- [TASK DETAILS]: Each and every line below goes into your answer unchanged, but leave out the images.

- [GIVEN DATA]:
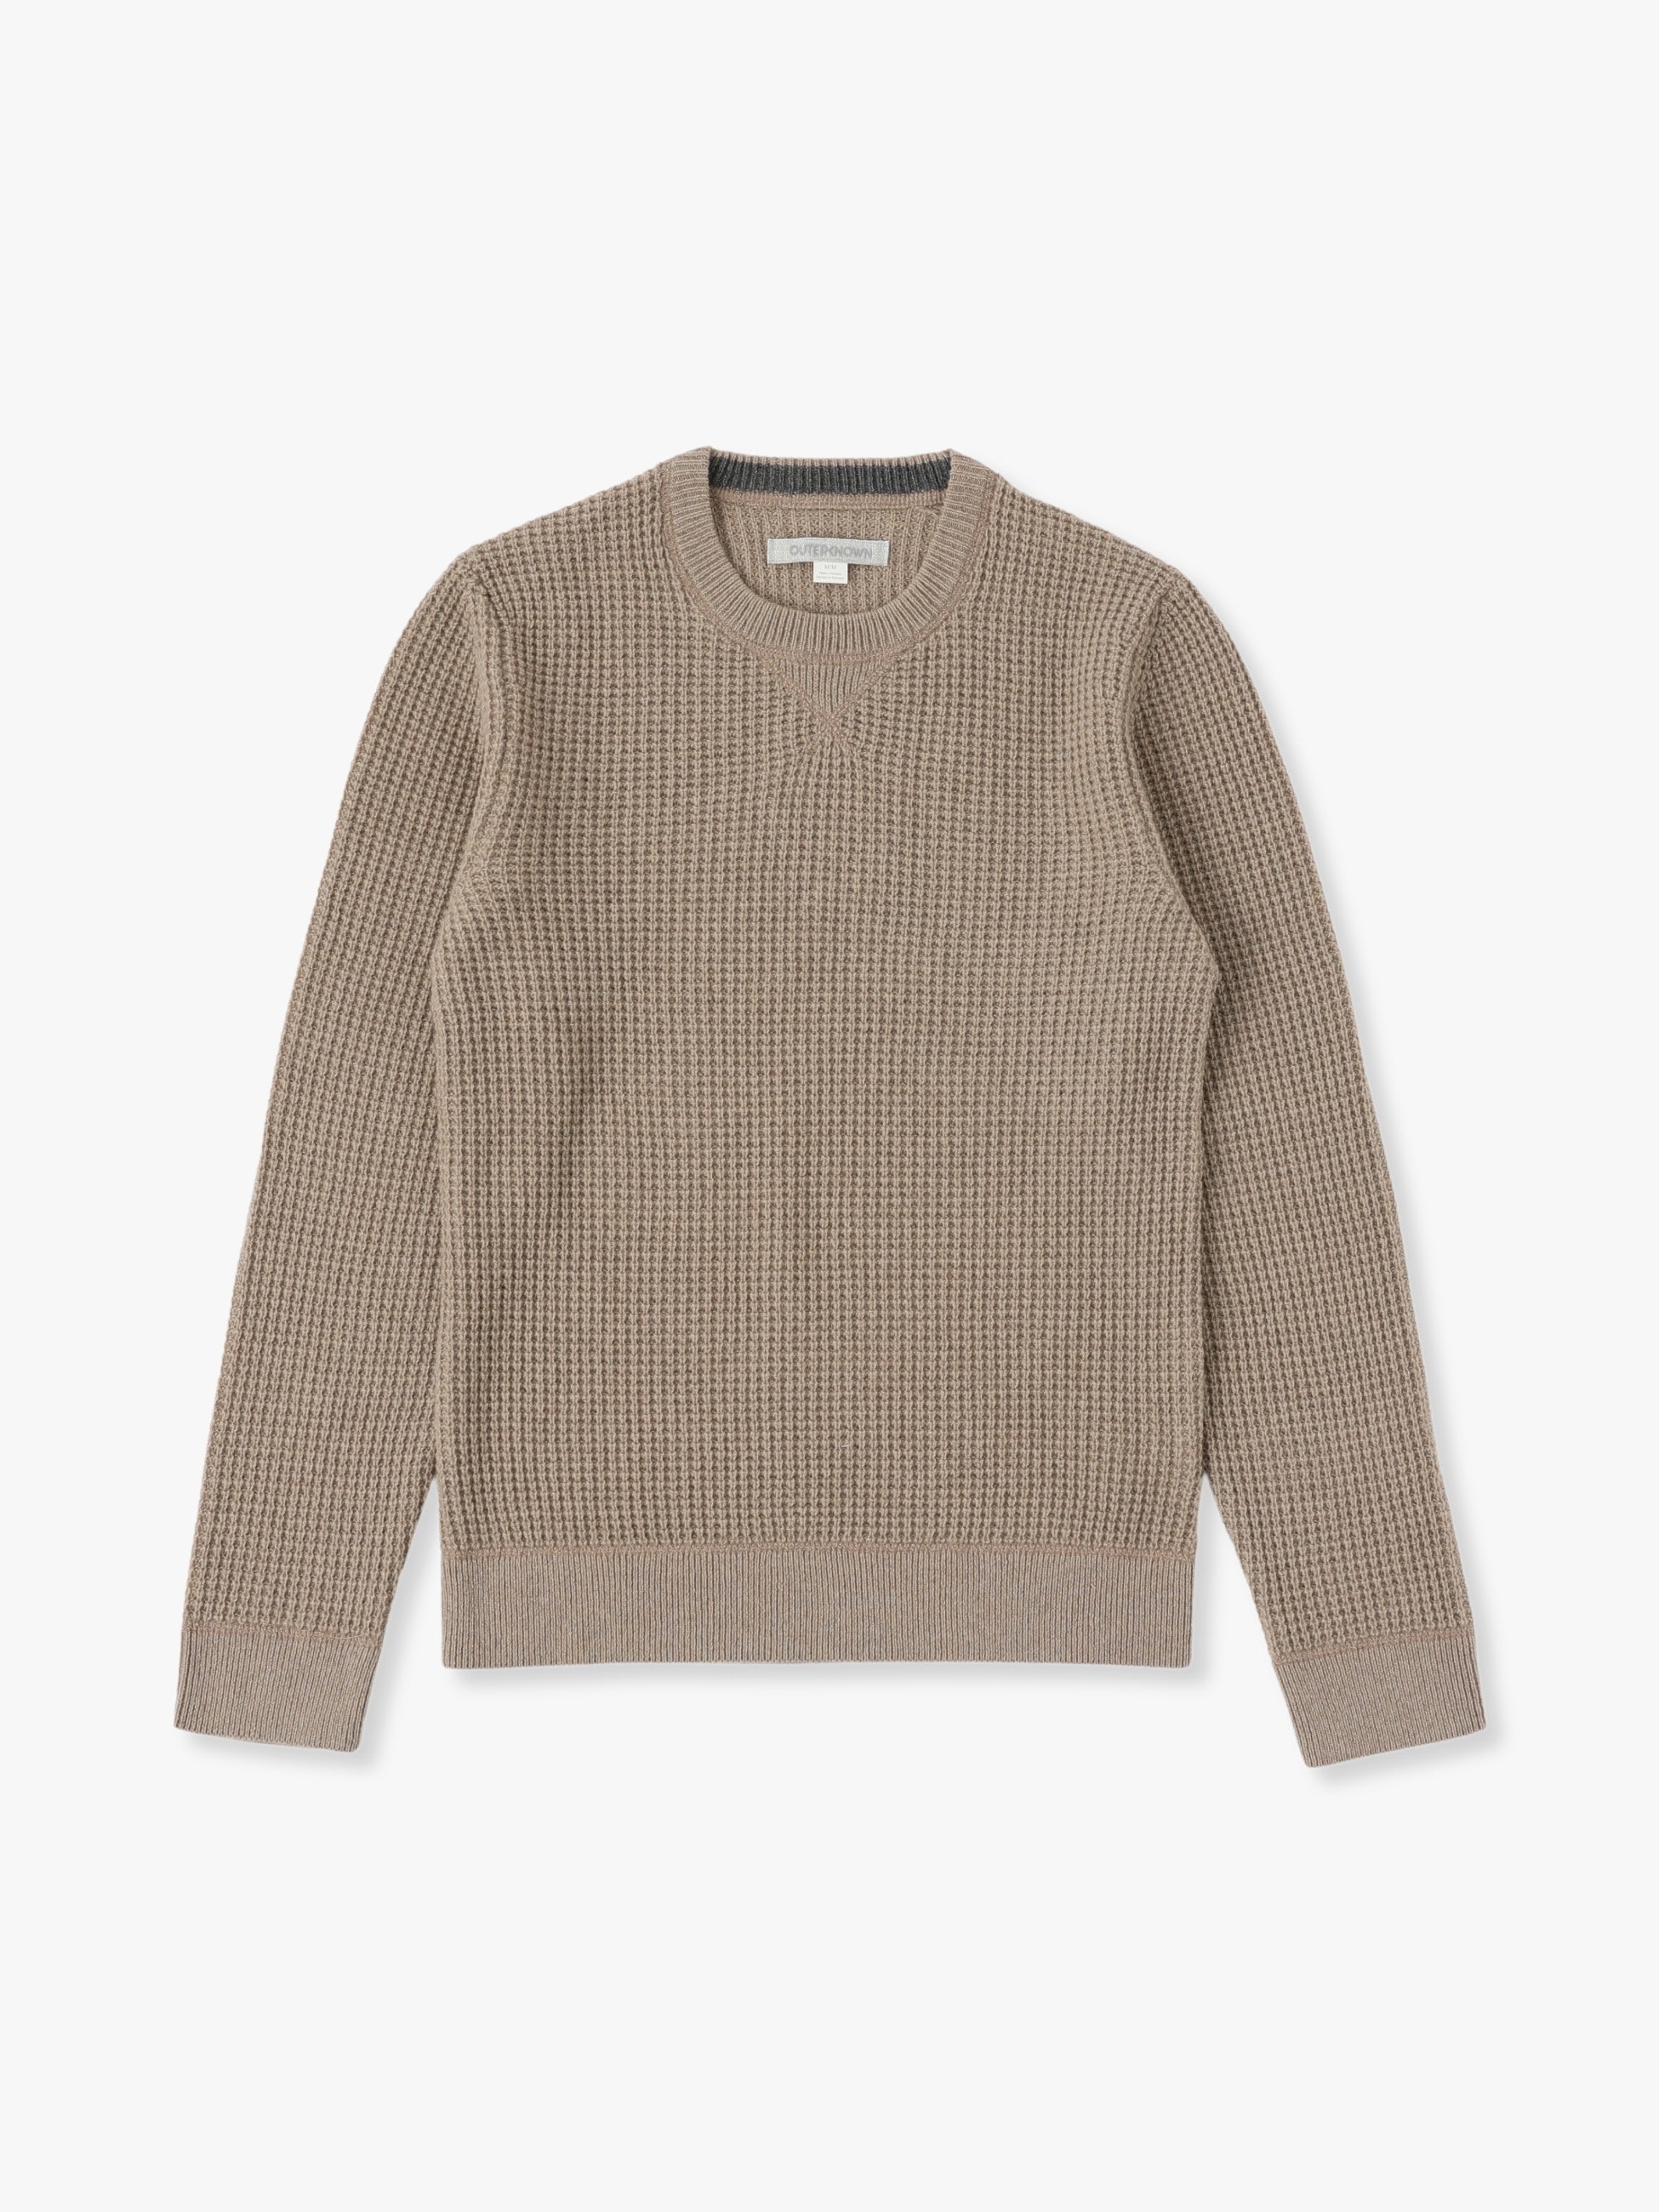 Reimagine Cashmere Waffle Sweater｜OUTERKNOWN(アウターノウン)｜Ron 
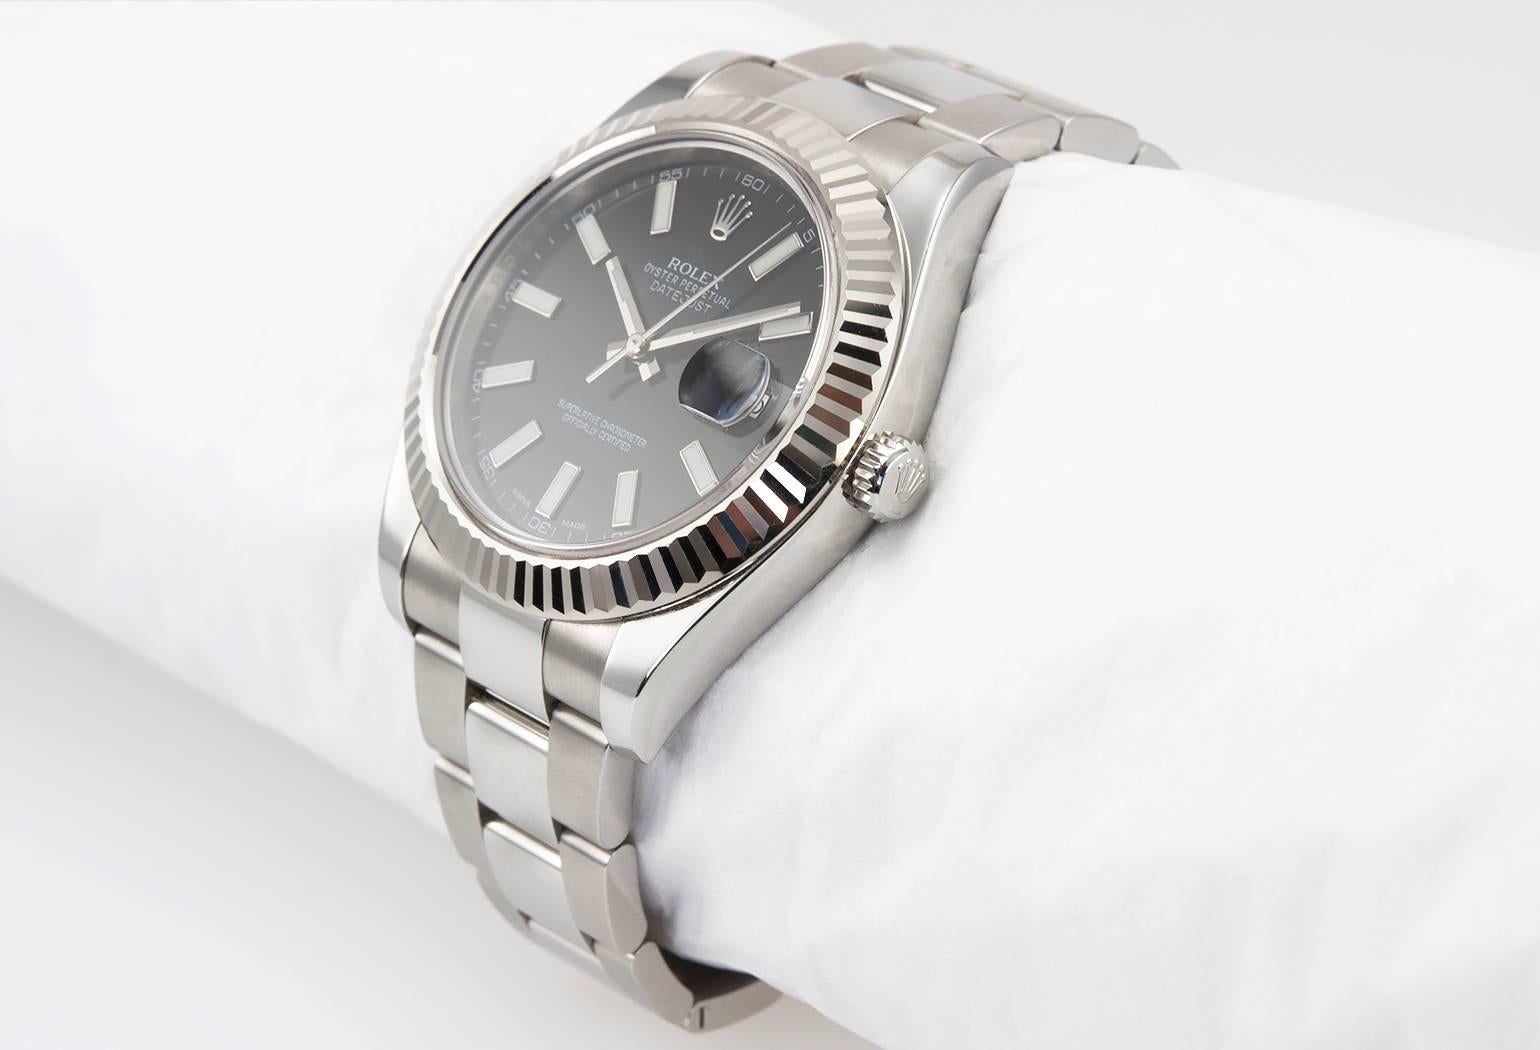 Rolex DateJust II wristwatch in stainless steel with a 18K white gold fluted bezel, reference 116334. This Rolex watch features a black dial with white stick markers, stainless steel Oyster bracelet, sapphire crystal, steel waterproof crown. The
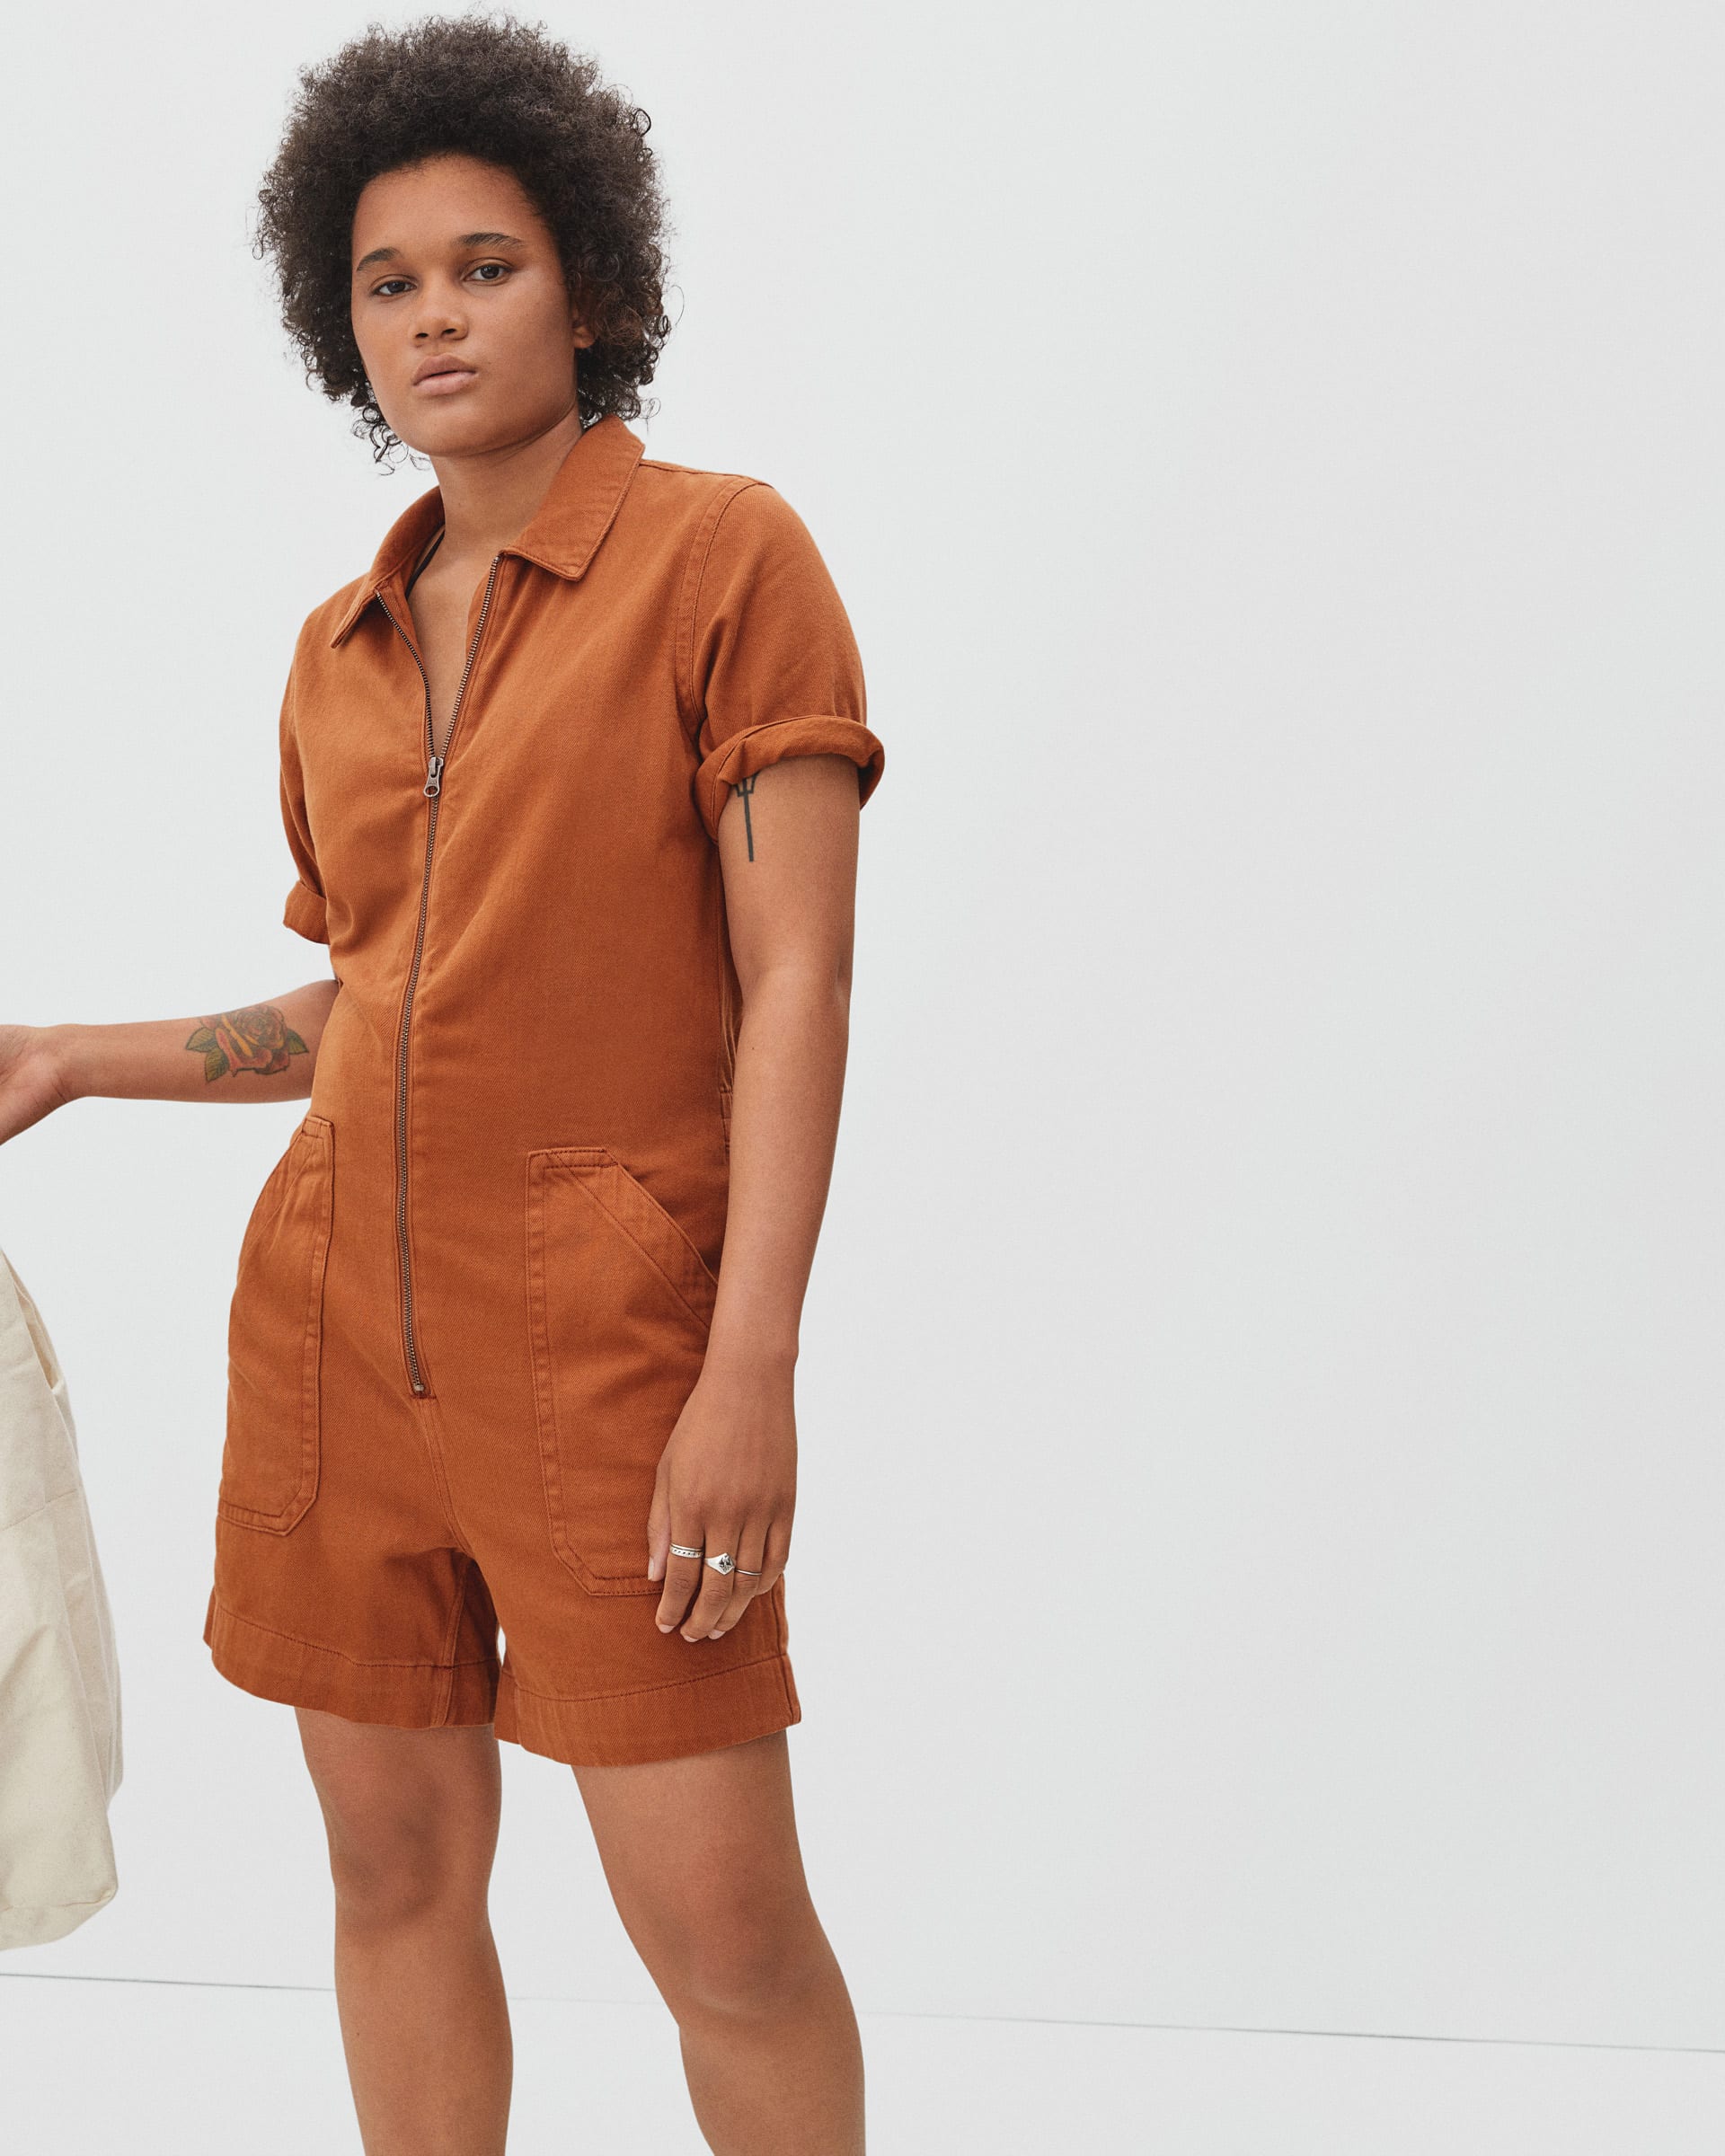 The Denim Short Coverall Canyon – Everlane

- [ANSWER FOR THIS EXERCISE]:
 Reimagine Cashmere Waffle Sweater｜OUTERKNOWN(アウターノウン)｜Ron 
 Rolex DateJust II wristwatch in stainless steel with a 18K white gold fluted bezel, reference 116334. This Rolex watch features a black dial with white stick markers, stainless steel Oyster bracelet, sapphire crystal, steel waterproof crown. The
 The Denim Short Coverall Canyon – Everlane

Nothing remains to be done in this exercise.